Work request: Print the listing below only from the line that has "Herbert Spencer: In" through the line that has "Industrial Noise - White", exactly, and drop any picture.

Material supplied:
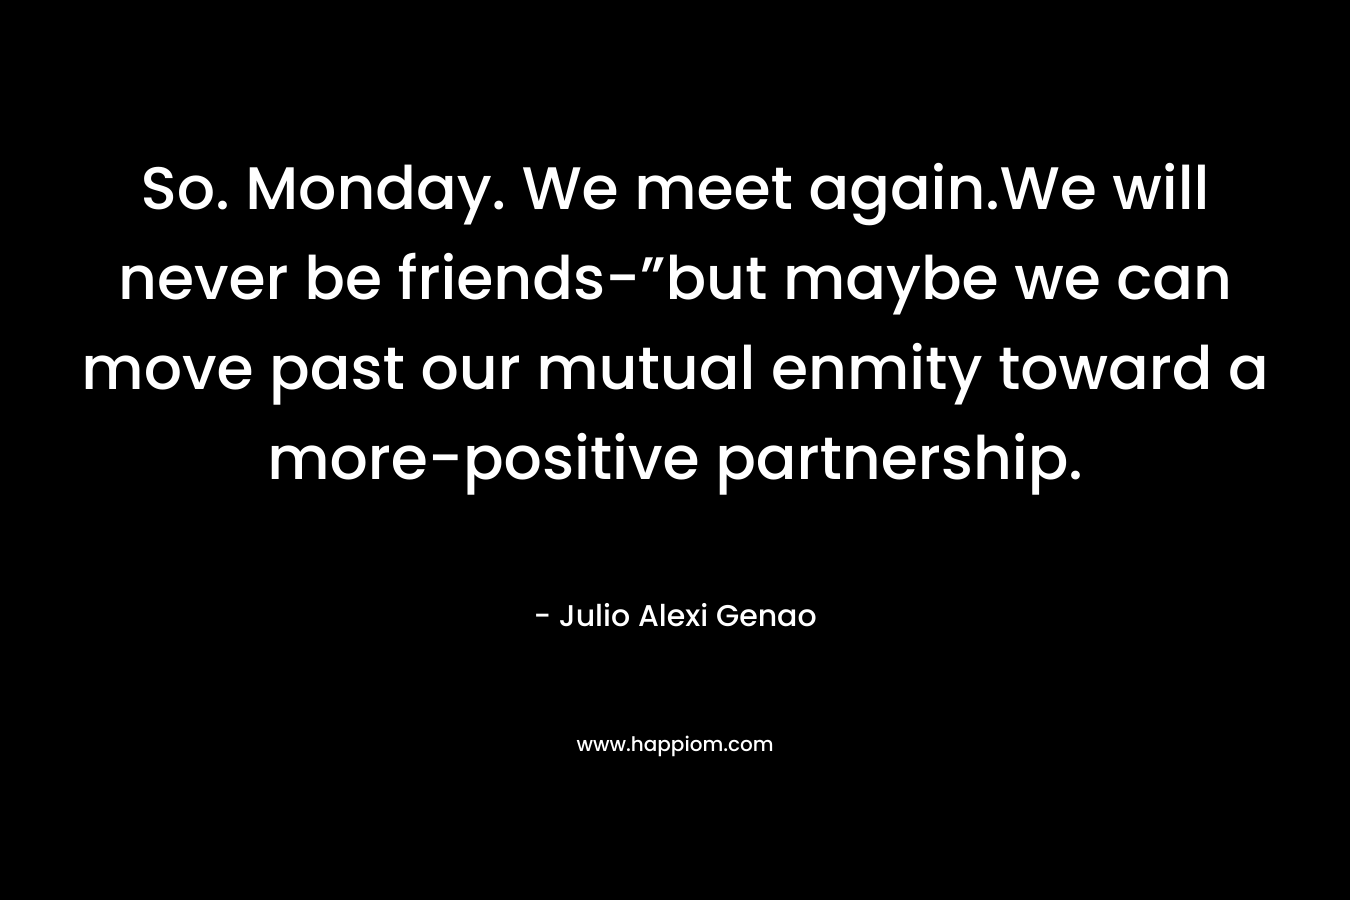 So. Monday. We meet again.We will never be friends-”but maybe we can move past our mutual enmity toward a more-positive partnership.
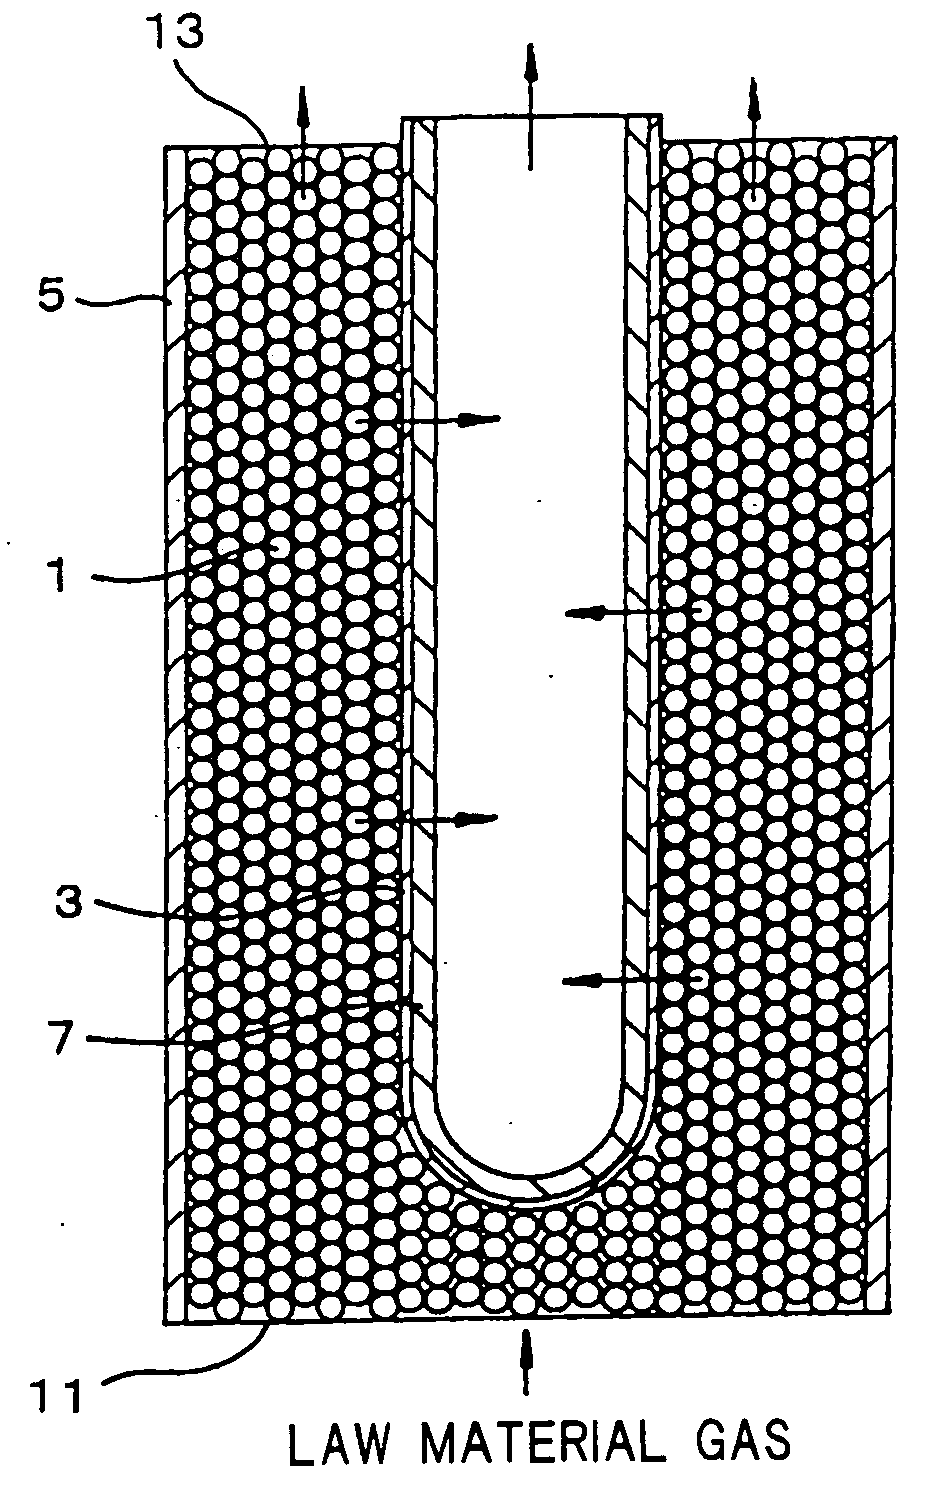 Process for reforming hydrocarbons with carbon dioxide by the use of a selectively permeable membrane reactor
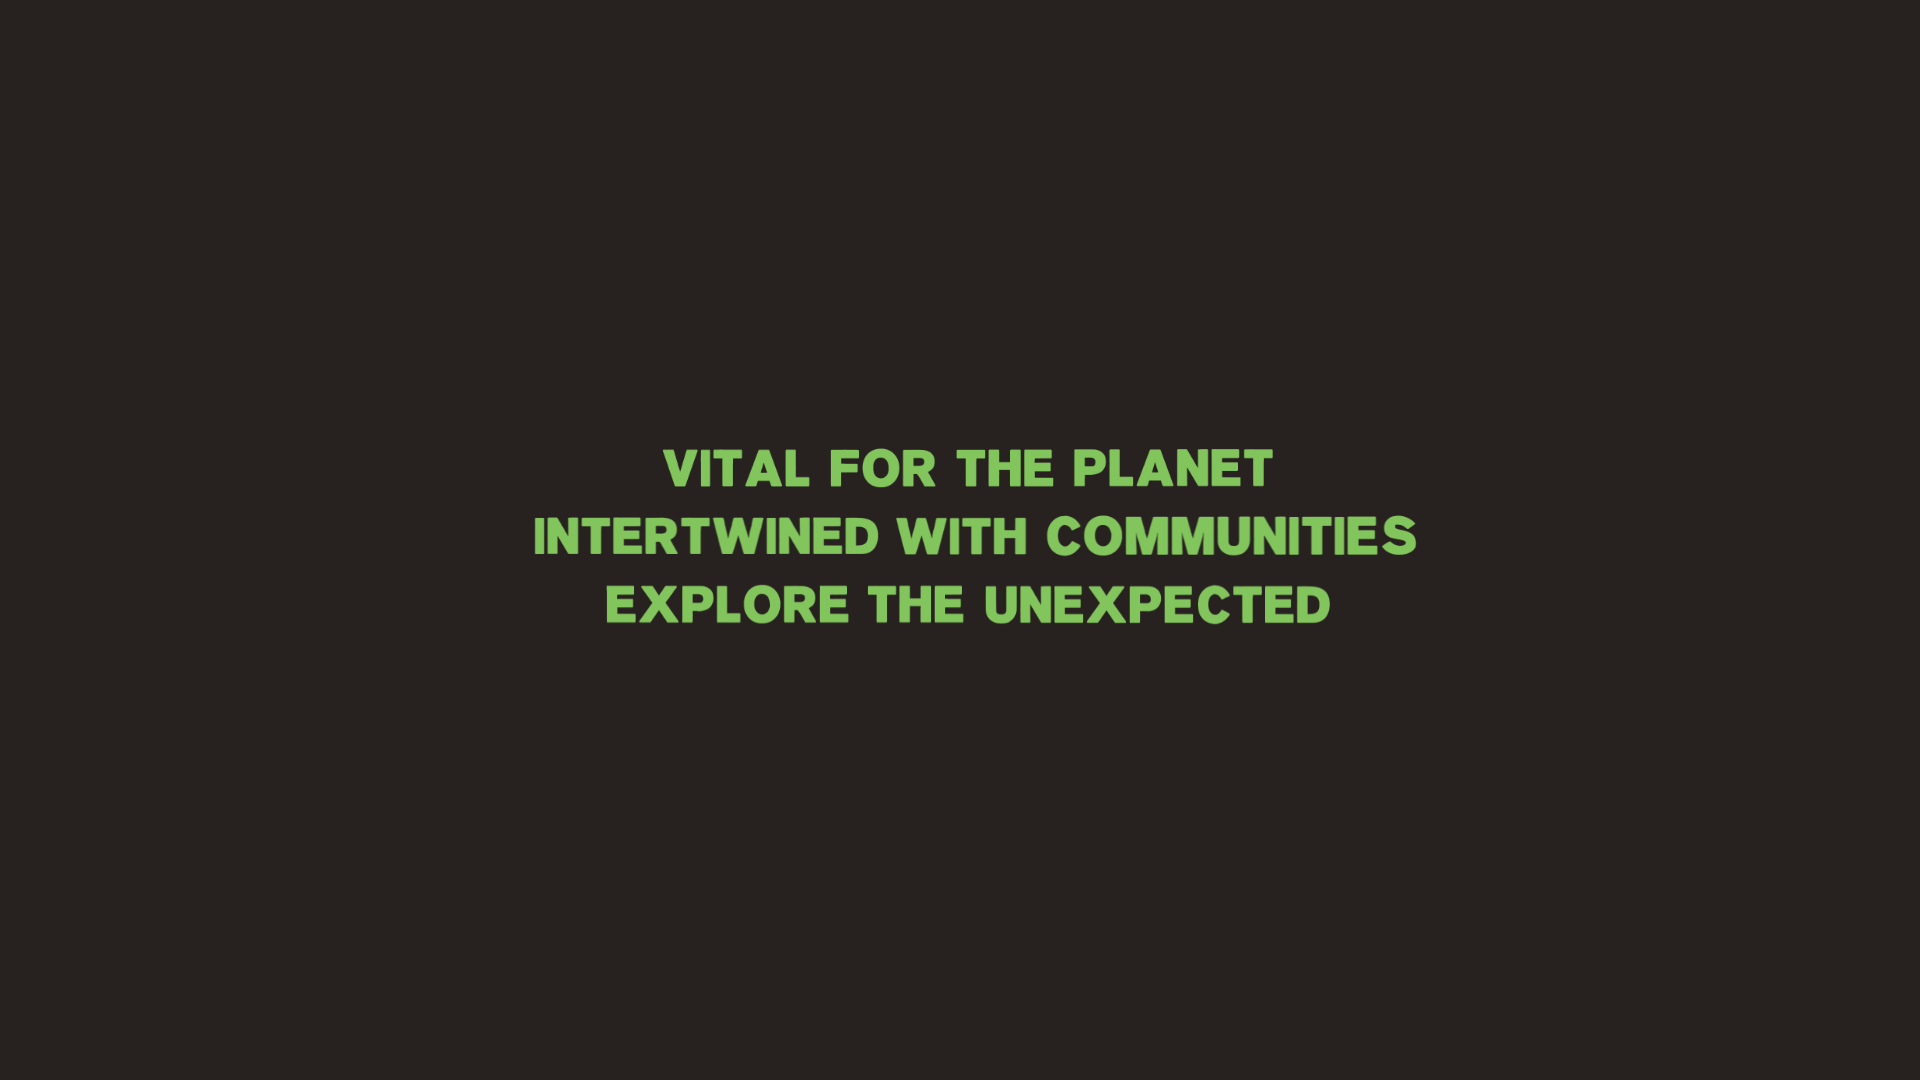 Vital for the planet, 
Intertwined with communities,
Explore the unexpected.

--

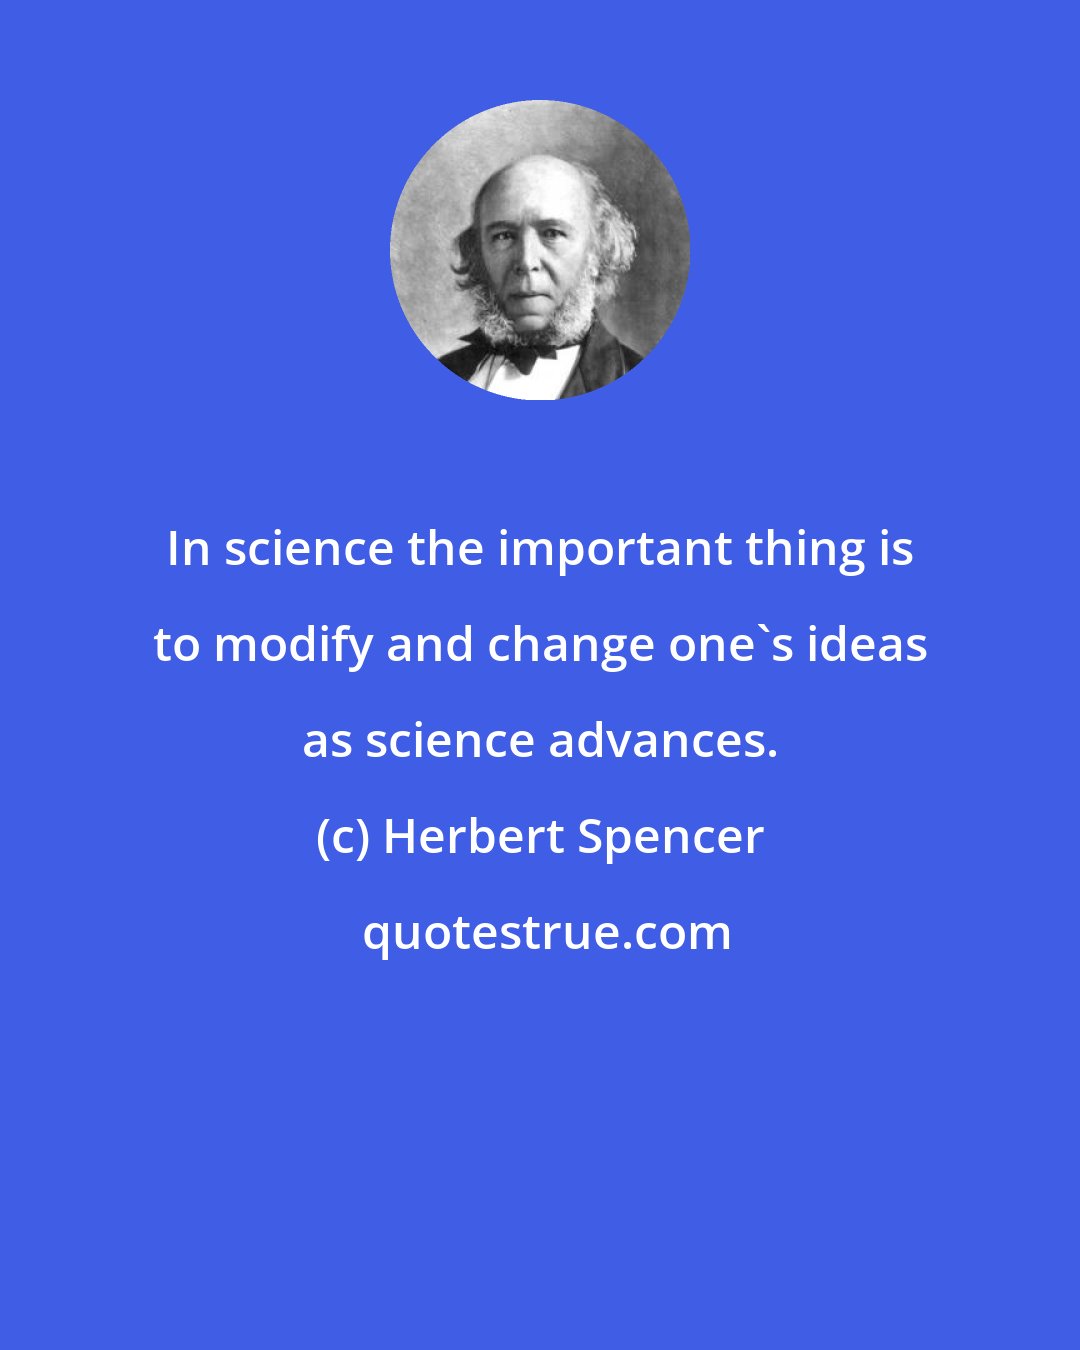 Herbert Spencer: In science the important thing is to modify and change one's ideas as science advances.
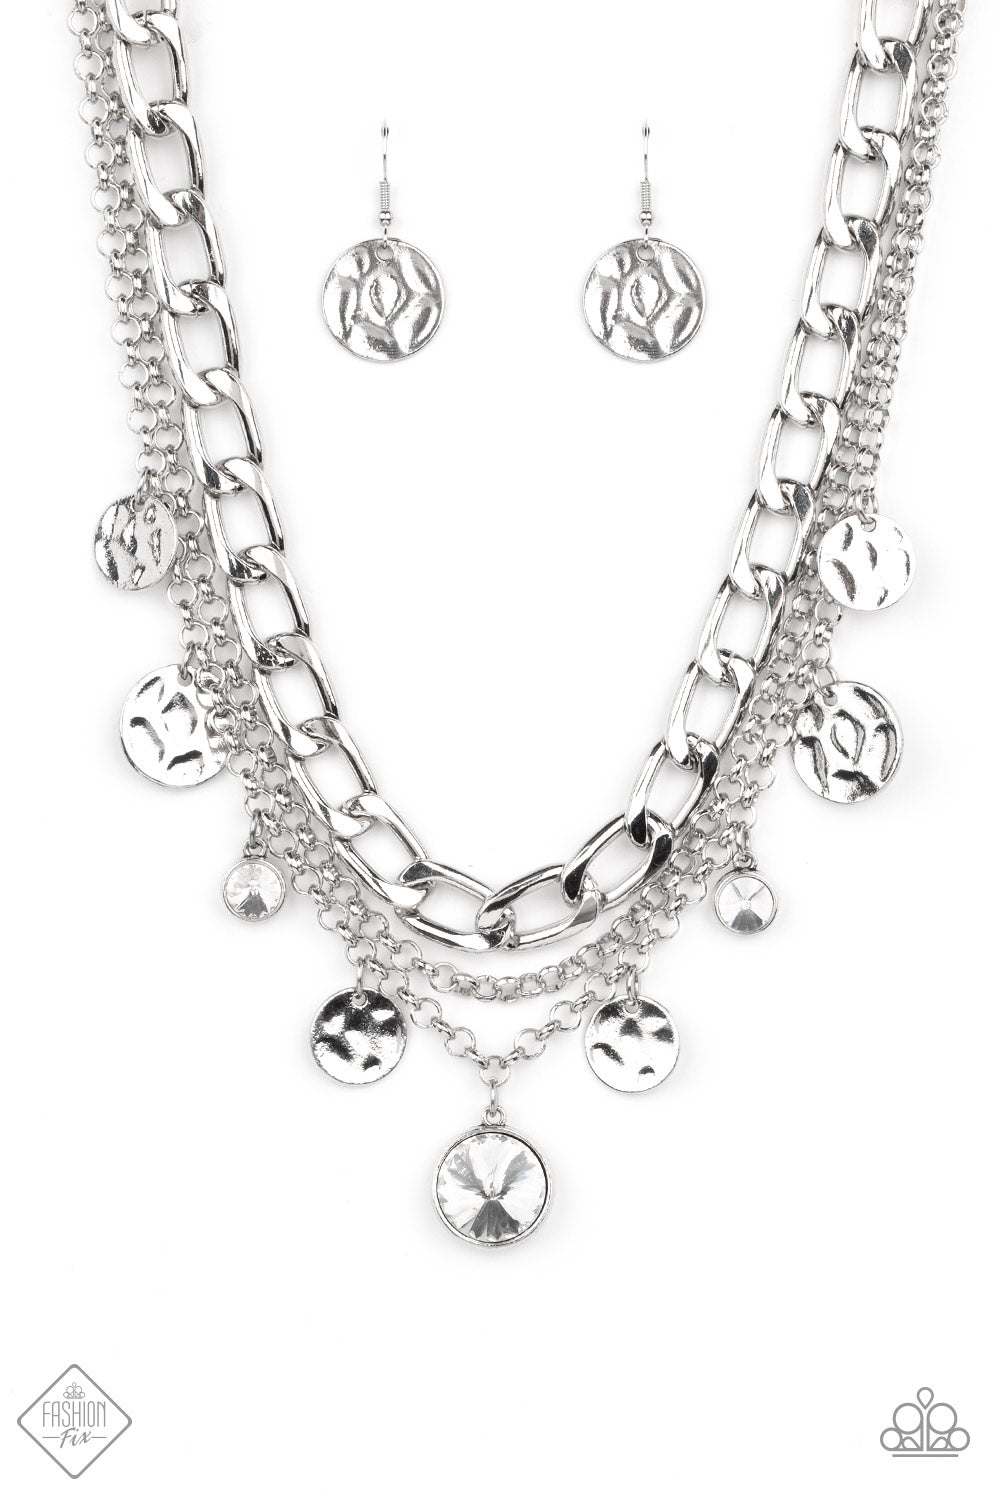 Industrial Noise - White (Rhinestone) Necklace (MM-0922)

Answer for this exercise:
 Herbert Spencer: In science the important thing is to modify and change one's ideas as science advances.
 Industrial Noise - White (Rhinestone) Necklace (MM-0922)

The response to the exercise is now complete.